— Да, мы ещё до этого не доросли, — заметил рябой член управления.
— Если бы ещё он был таким, как Иноко, ему бы простили, — вставил седой член управления. — Вот доказательство: тому и в гостинице давали останавливаться, для выступления предоставляли помещение храма, а когда он выступал, люди шли слушать его. Его преимущество в том, что он не скрывал. Он с самого начала заявил, кто он, и — как ни странно — ему все стали сочувствовать. А вот если скрывать, как это делает Сэгава-сэнсэй или жена Такаянаги-куна, тогда возникают неизбежные толки да пересуды.
— Именно… — согласился инспектор.
— А что, если попросить перевести его в другую школу? — спросил член управления в очках с золотой оправой, обводя взглядом присутствующих.
— Перевести? — многозначительно повторил инспектор. — Перевести при таких обстоятельствах не так-то легко. Раз об этом станет известно, ни одна школа не согласится… Придётся его уволить.
— Ну что ж, действуйте так, как вы сочтёте нужным, — сказал седой член управления, потирая руки. — Уже нашлись члены городского управления, которые вопят: «Безобразие! Сейчас же вон его…» — так что, пожалуйста, уладьте уж как-нибудь это дело.
«Как бы там ни было, после того, как доведу до конца занятия», — думал Усимацу и, с трудом подавляя бушевавшее в его груди волнение, вёл третий урок — чистописание. Как дрожала у него рука, когда, подойдя сзади к ученикам и водя их рукой, он показывал, как писать иероглифы. Сидевшие рядом ученики вытягивали шеи и, видя это, смеялись, широко открывая перепачканные тушью рты.

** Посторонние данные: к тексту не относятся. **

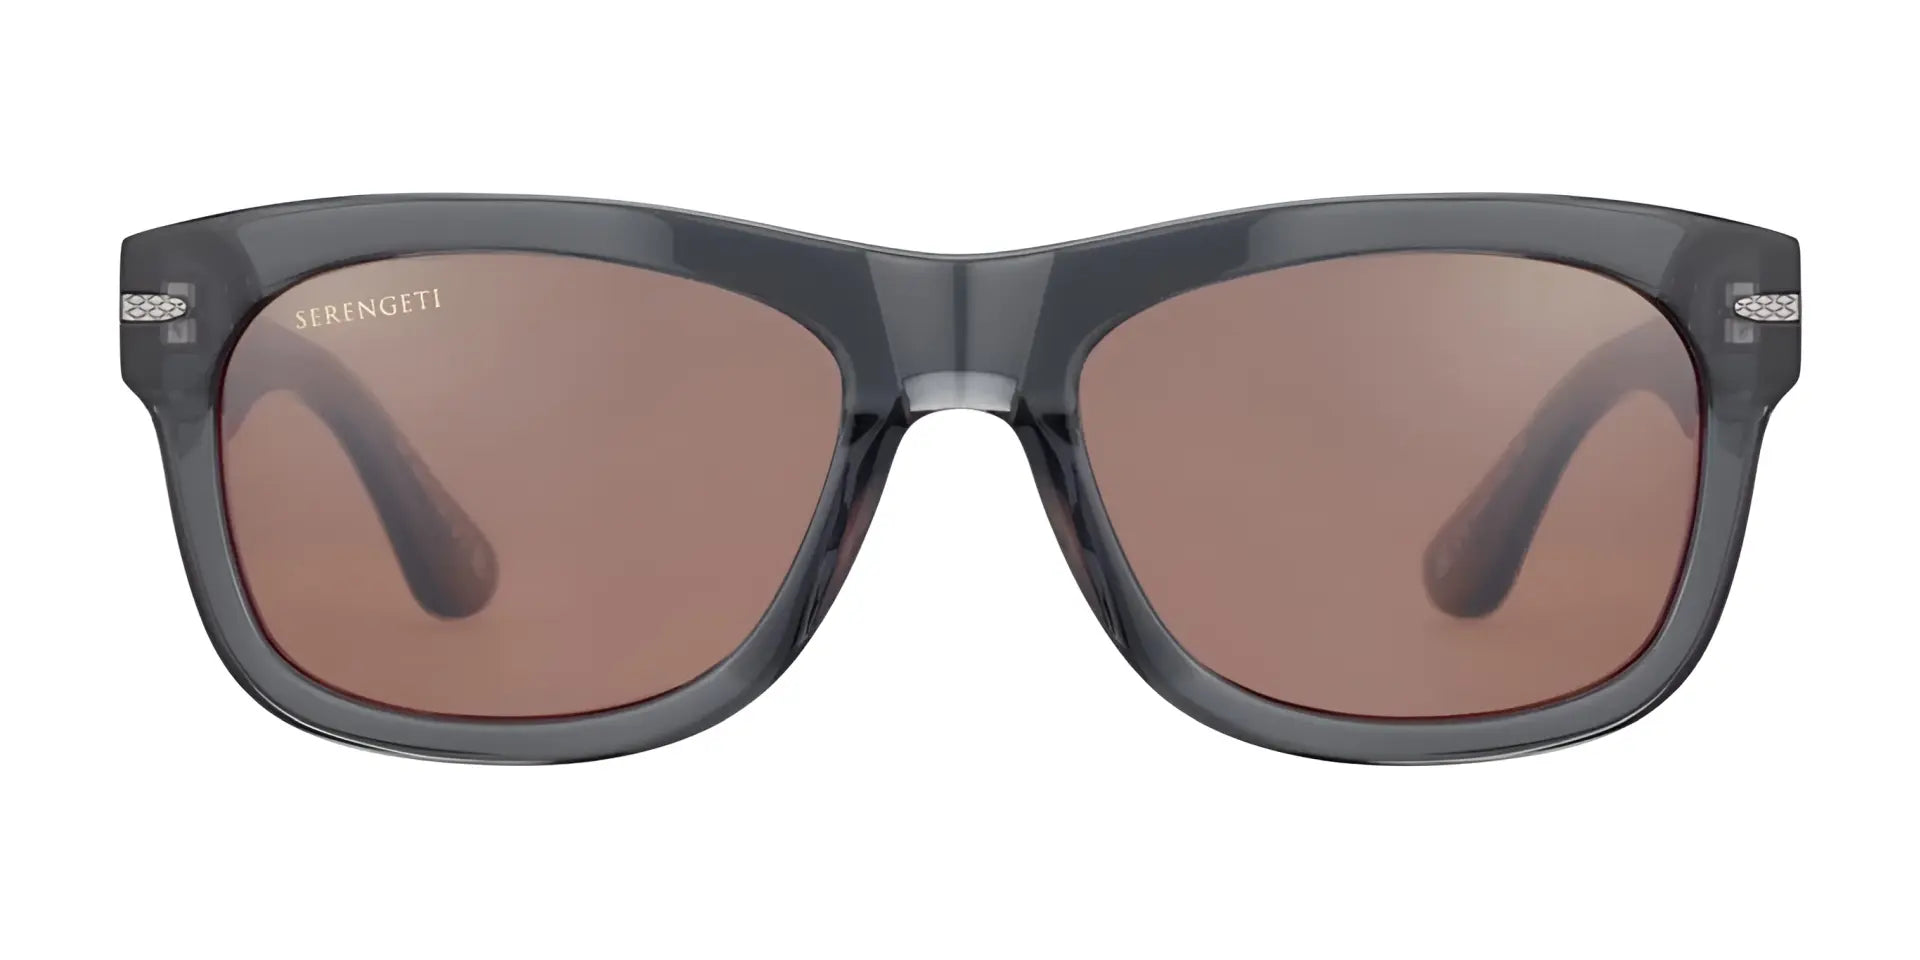 Serengeti FOYT Sunglasses Shiny Crystal Grey / Mineral Polarized Drivers Cat 2 to 3
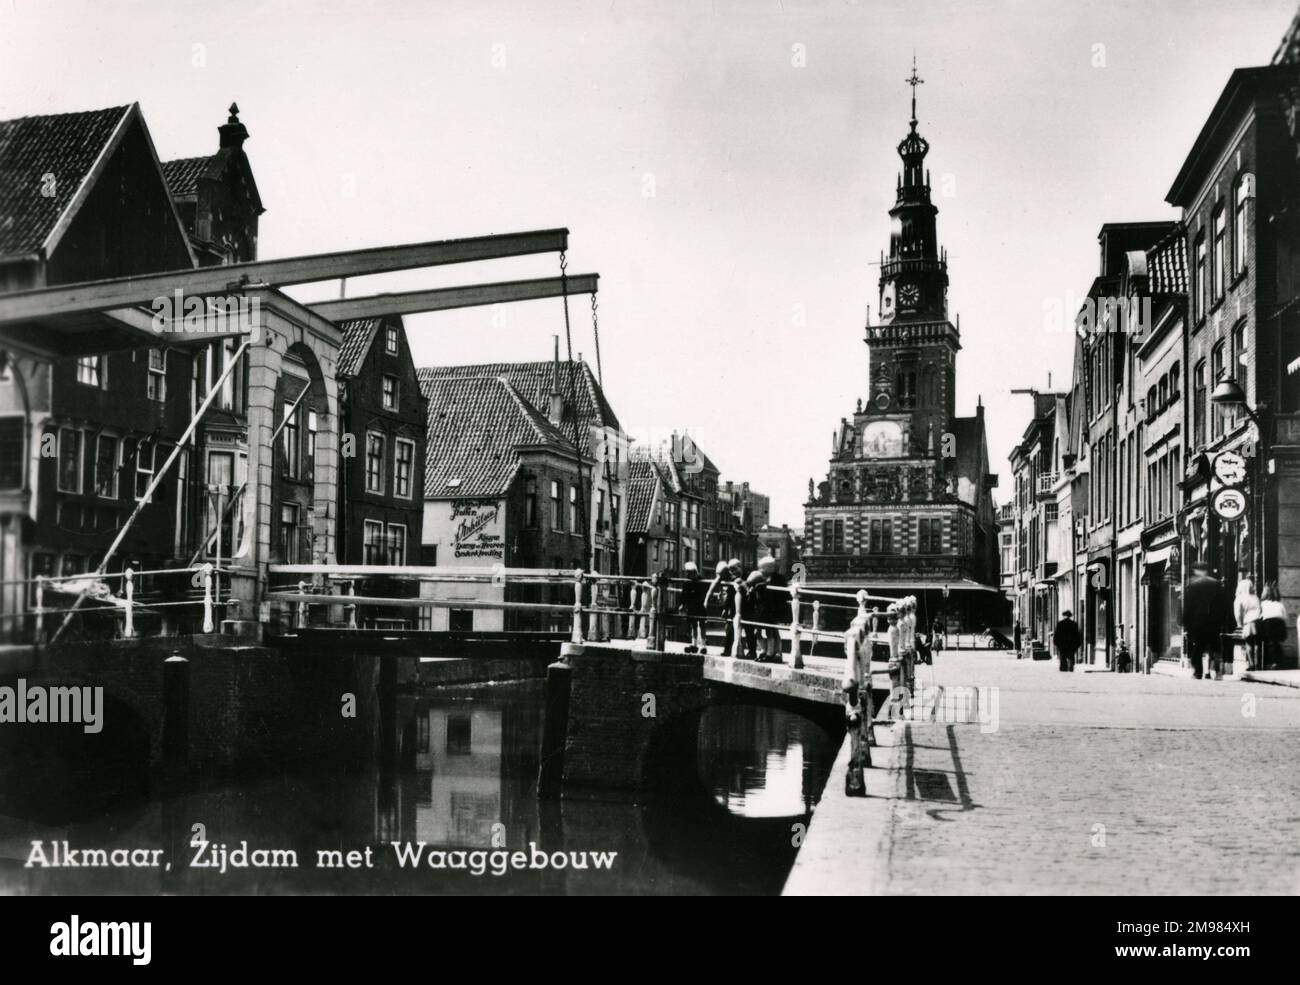 Alkmaar, Zijdam mit Waag-Gebäude - Niederlande. Bild einer Brücke über den Kanal mit dem Waag-Gebäude oder dem Waaghaus im Hintergrund. Das Waag beherbergt jetzt das Käsemuseum. Das Gebäude war ursprünglich eine Kapelle, die um 1390 erbaut wurde und 1582 in ein städtisches Wiegehaus umgewandelt wurde. Stockfoto

Когда звонок служителя возвестил окончание третьего урока, инспектор и члены управления уже ушли. Практиканты из семинарии ещё оставались, они хотели присутствовать на послеполуденных занятиях. Поручив другому учителю следить за учениками, Усимацу остался в учительской, чтобы привести в порядок свои дела. Что надо было сдать — сдал, что надо было выяснить — выяснил. Чем больше он думал о том, чтобы избежать нападок на себя, тем больше росло его смятение.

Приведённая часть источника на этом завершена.